アルピーヌ、ガソリンの温度が上がるのは何故なのか

やっと燃料ポンプのリコールも発表されました。がtech performさんの言われるように、これは燃料の温度が燃料ポンプを破壊する程想定外に上がってしまうことに対しての根本的な解決策ではなく、あくまで対症療法に過ぎません。

この燃料ポンプで絶対問題ないのか、そもそも標準的な燃料ポンプでは耐えられない程の温度になって大丈夫なのか、何も答えが出されていはいない状態です。
(トヨタやホンダの同じdenso製の燃料ポンプのリコールと一緒にされることがありますが、あちらは製造時の管理の問題で不良品質[ガソリンを含んで膨張!!]になったしまったためであり、一定の品質は確保できている今回の問題とは全く別です。)

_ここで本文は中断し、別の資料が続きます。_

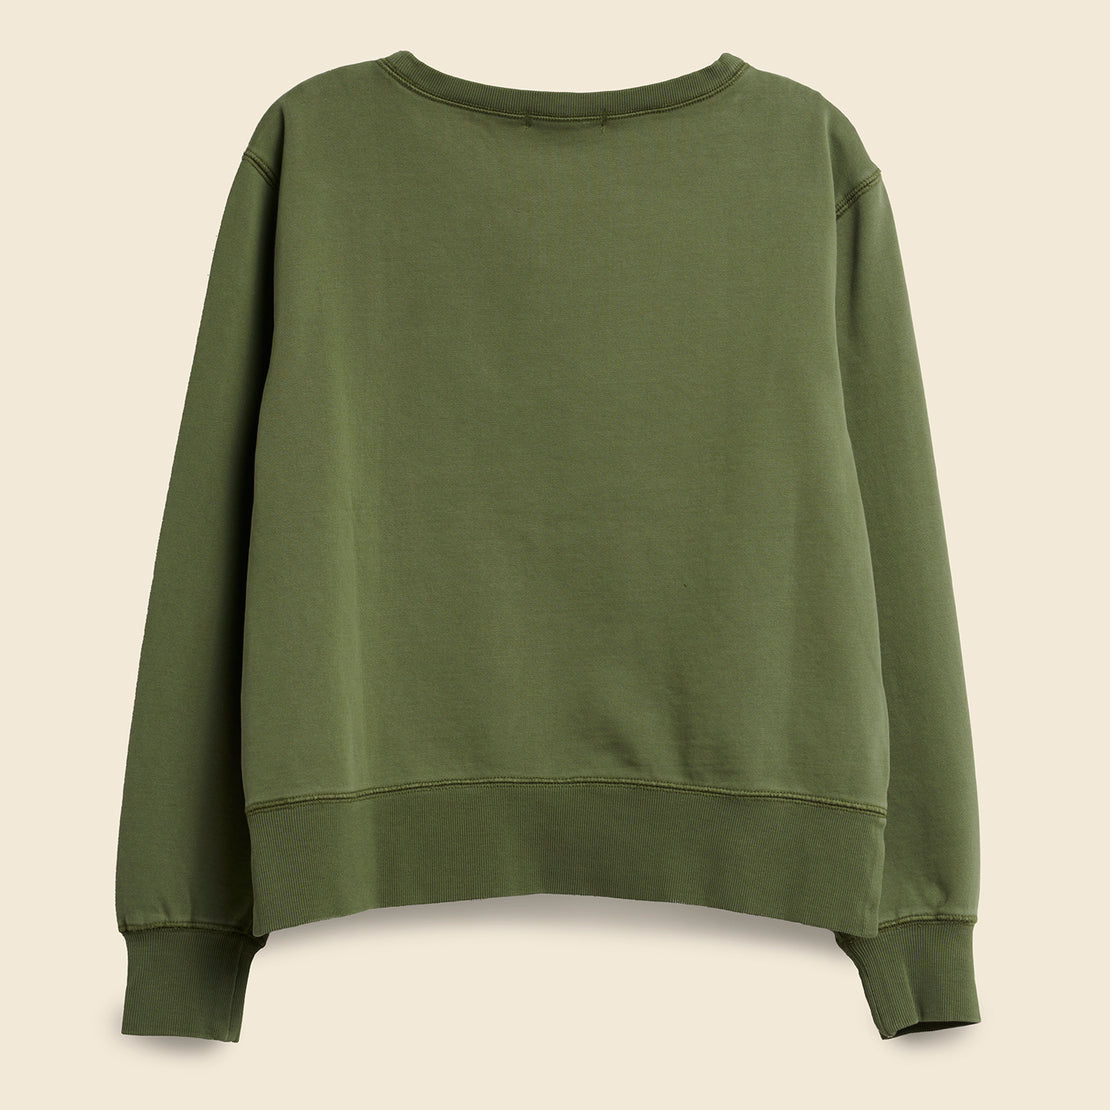 Lakeside Sweatshirt - Army Green - Alex Mill - STAG Provisions - W - Tops - L/S Fleece
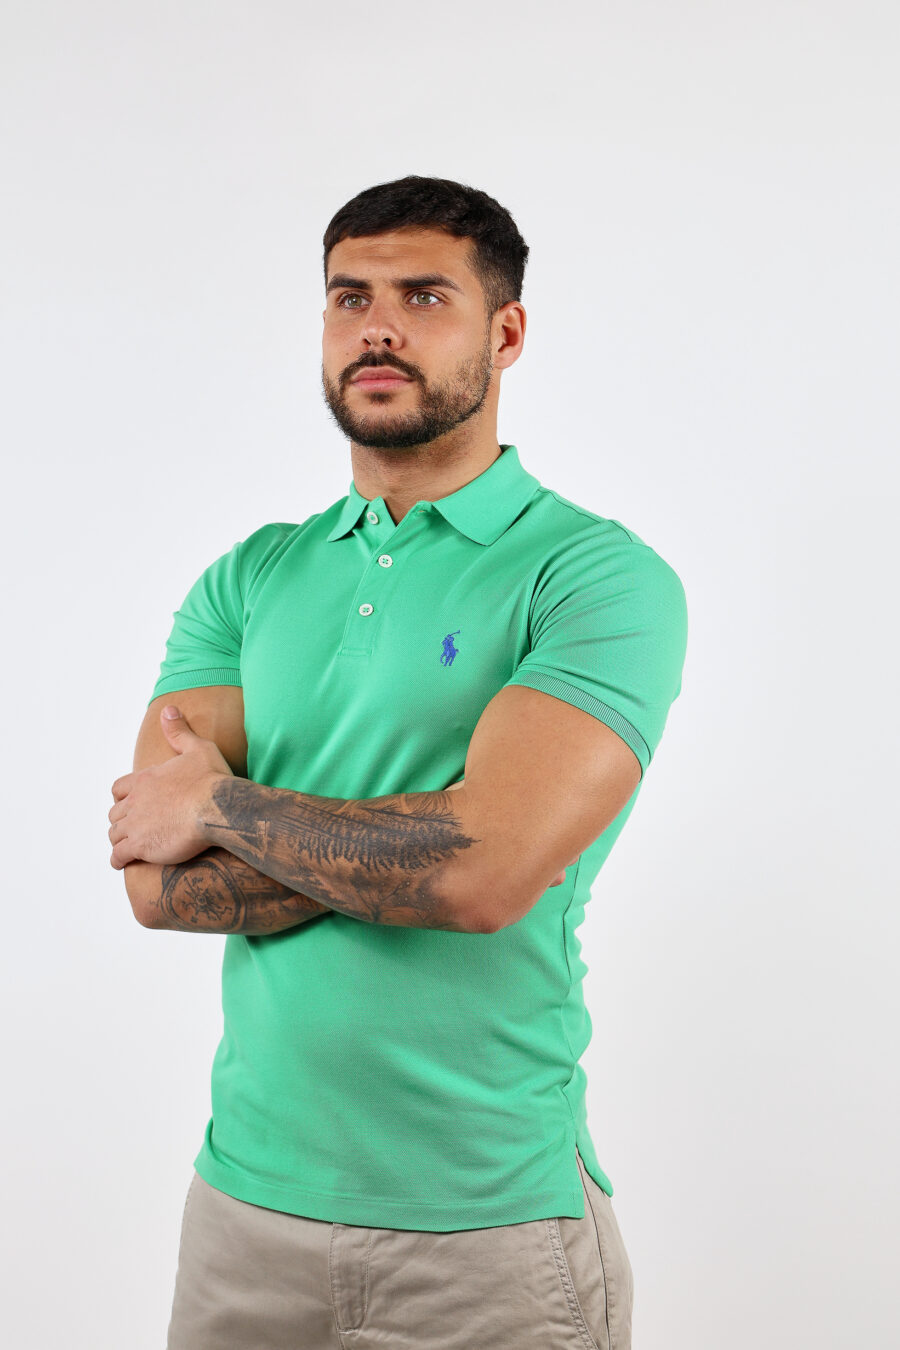 Camiseta verde y azul con minilogo "polo" - BLS Fashion 172

そもそも、何故アルピーヌだけガソリンの温度が上がってしまうのか?

これに対しては、今のところ2つの見解が示されています。
一つは、tech performさんの解釈を代表とする、ラジエタの排熱、燃料タンクの下を通るエンジン、インタークーラの冷却パイプの熱に依る、という説。
もう一つはpersecさんがずっと主張されているエンジンから戻る(エンジンルームで加熱された)ガソリンに依る、という説。

ここでは、 これら2つの見解について具体的に検証してみたいと思います。
長くなりそうなので、まずはpersecさんの'エンジンから戻る高温のガソリンが原因'という説について。

エンジンから何故ガソリンがタンクに戻るのか? 不思議に思う方もいらっしゃるかもしれません。
これは電動の燃料ポンプを使う車両において、燃料の消費量が一定でない(アイドリングやエンジンブレーキ時には減る、特に過給圧の高いターボ車では消費する燃料の量が特に大きく変化する)ため、多めの燃料を流して、使われなかった分は燃料タンクに戻す、という仕組み(フューエルリターン)のためです。
ここで、燃料消費が少ないアイドリングやエンジンブレーキ時については、プレッシャーレギュレータという吸気マニホールドの負圧を利用する機器を使って検知していたため、一度エンジンまでガソリンを送り、そこから戻す必要がありました。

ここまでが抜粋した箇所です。